PORT HURON, Mich. - Gov. Gretchen Whitmer has turned down a request to release a man who insists he was wrongly convicted of murder in a college parking lot in Port Huron in 1986, his supporters said Monday.
Whitmer's staff notified Temujin Kensu's lawyer last week.
Separately, Kensu's case is being reviewed by the attorney general's office, said David Sanders, vice president of Proving Innocence, a Detroit-area group that works for people who argue they were wrongly convicted.
Temujin Kensu (Mug shot) (Michigan Department of Corrections)
Kensu, 57, also known as Fred Freeman, has been serving a life sentence since 1987.
He insists he was 400 miles away in the Upper Peninsula when Scott Macklem was killed. Alibi witnesses backed him up, but St. Clair County prosecutor Robert Cleland — now a federal judge — summoned a pilot to suggest Kensu could have committed the murder and then dashed back to Escanaba by private plane in just a few hours.

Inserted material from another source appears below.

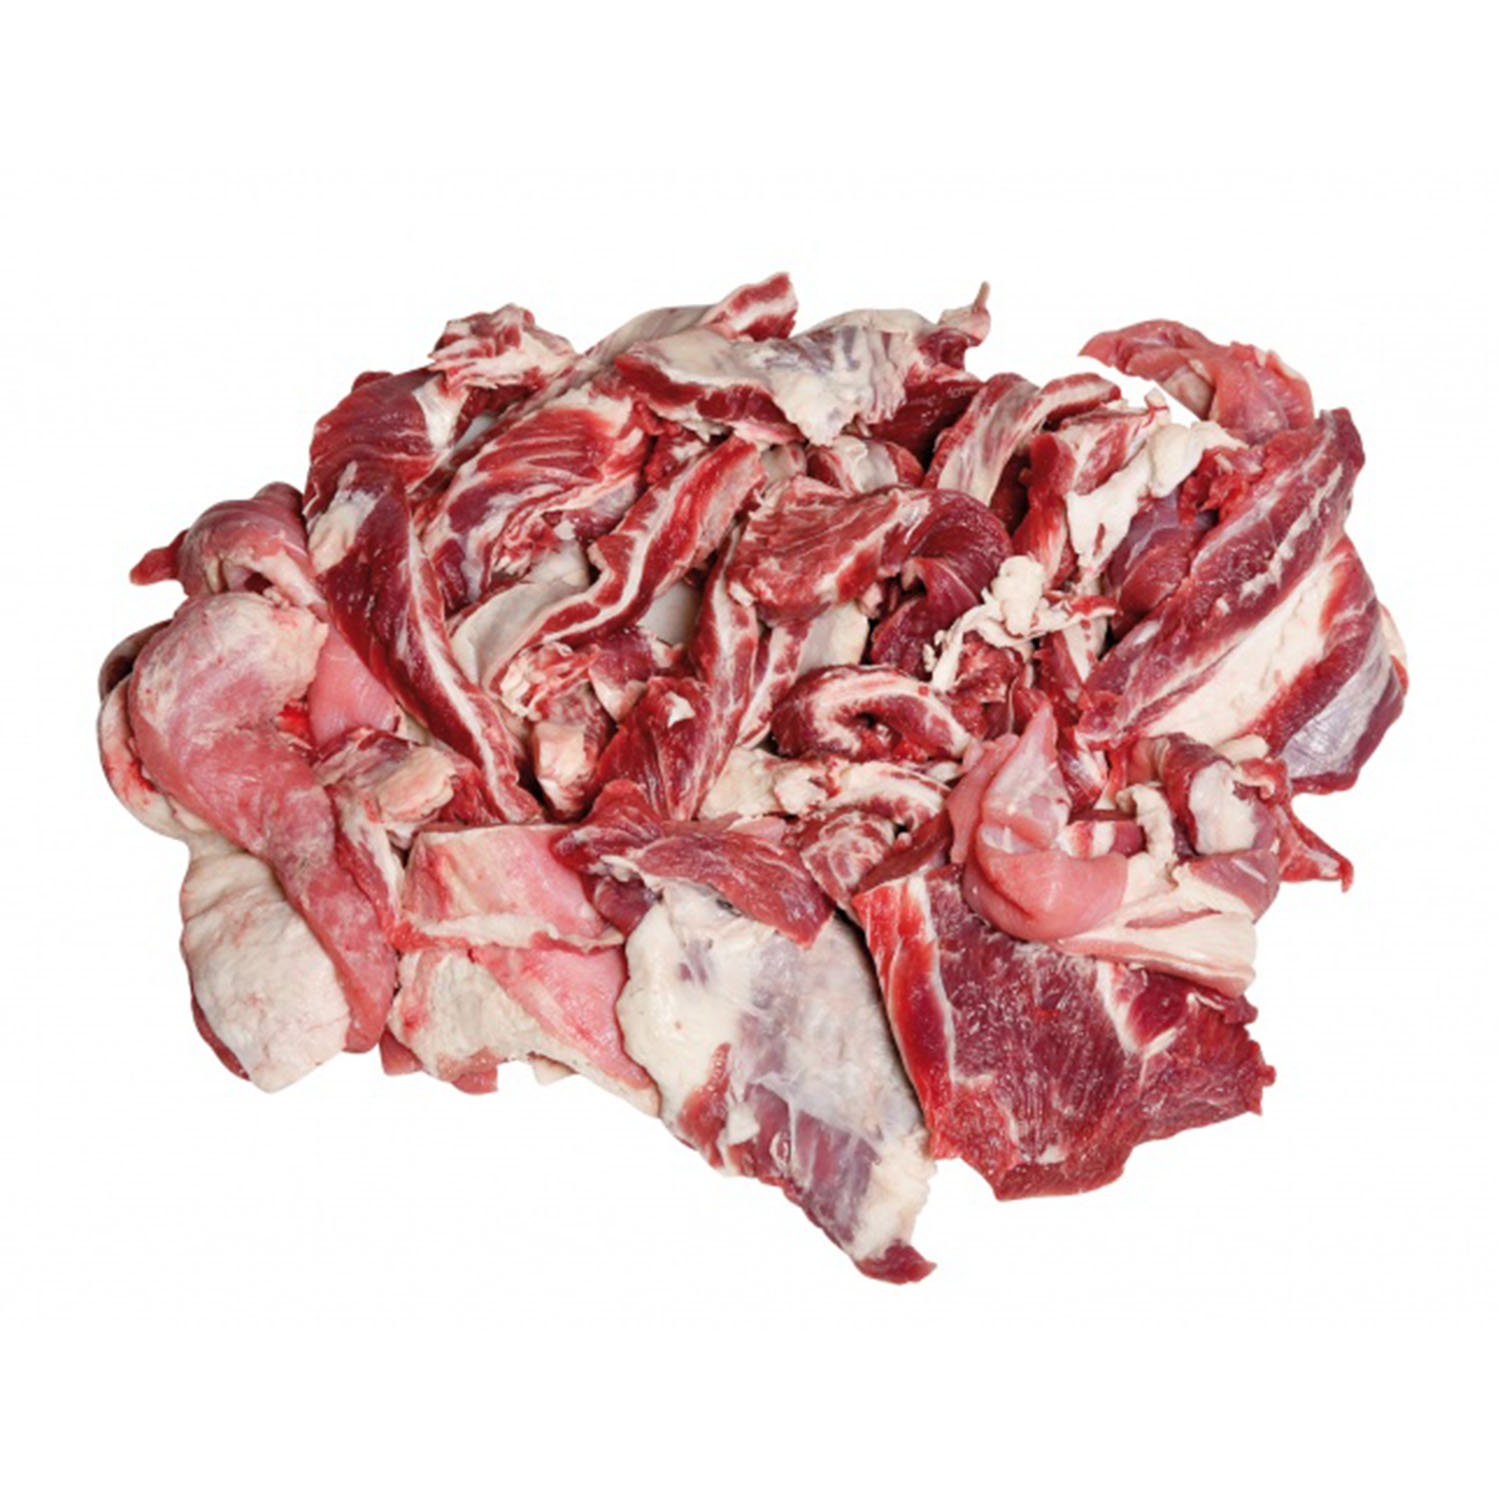 Купить говядину 5 кг. Тримминг котлетное мясо. Котлетное мясо говядины.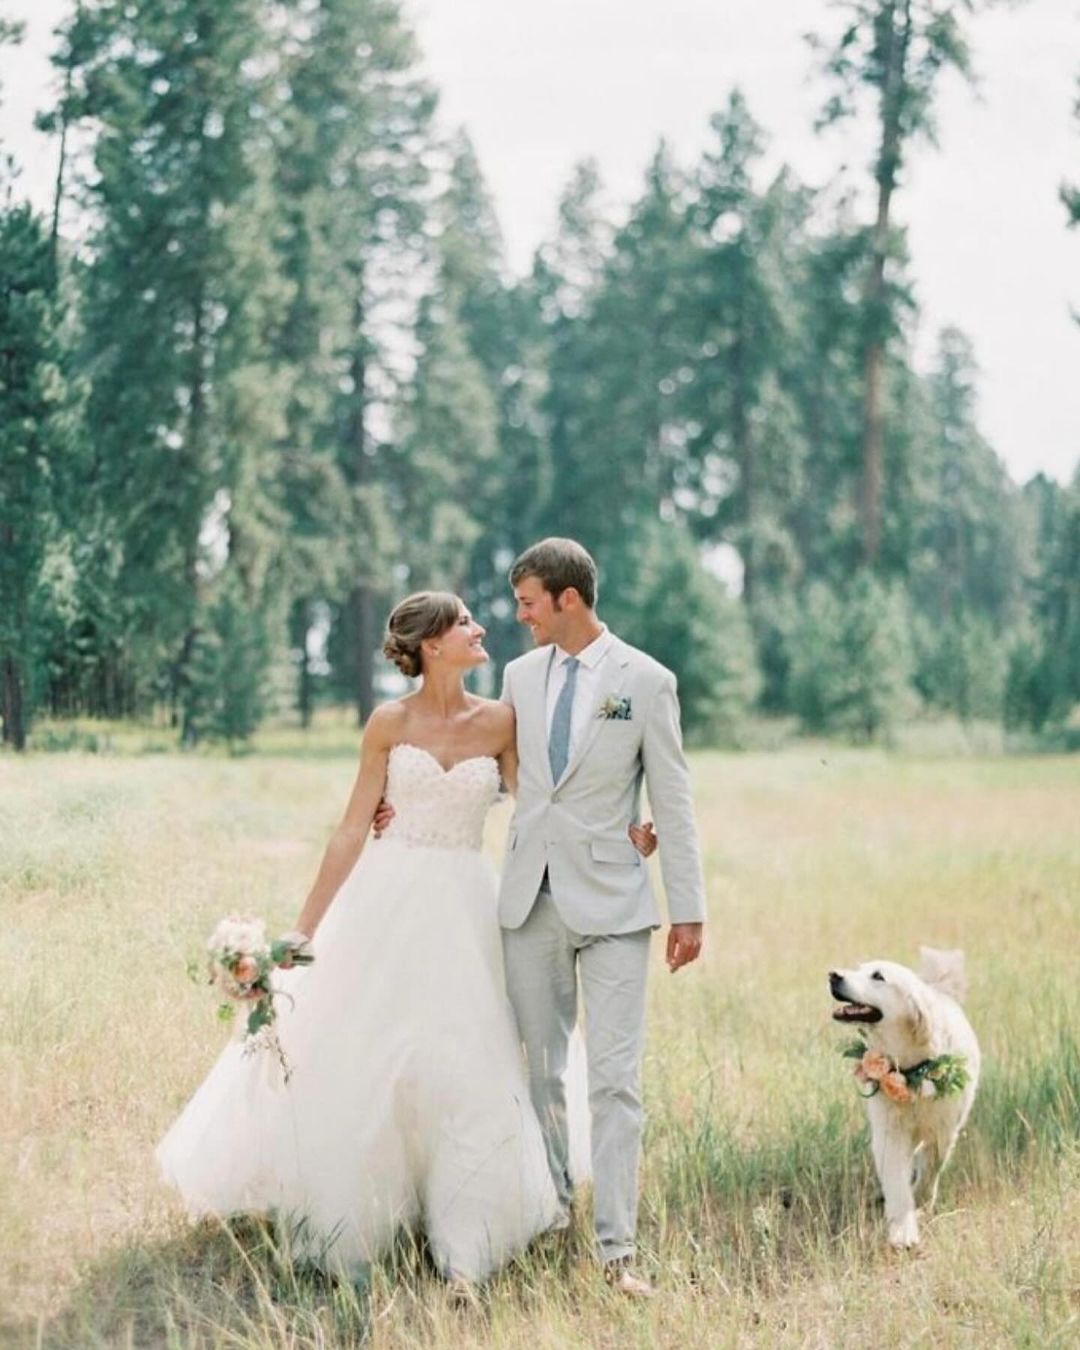 Pareja de recién casados paseando con su perro, que lleva un collar de flores, en un ambiente natural.

Imran Syed, an attorney at the Innocence Clinic at University of Michigan law school, said Whitmer's staff indicated that she followed the recommendation of the Michigan parole board.
"So I assume the board had recommended a denial," Syed said.
Efforts to get the conviction overturned have been dashed in courts by procedural issues. Kensu’s supporters include former U.S. Sen. Carl Levin.
"It's a big blow to his supporters and justice in Michigan that this miscarriage of justice continues to live on," Sanders said.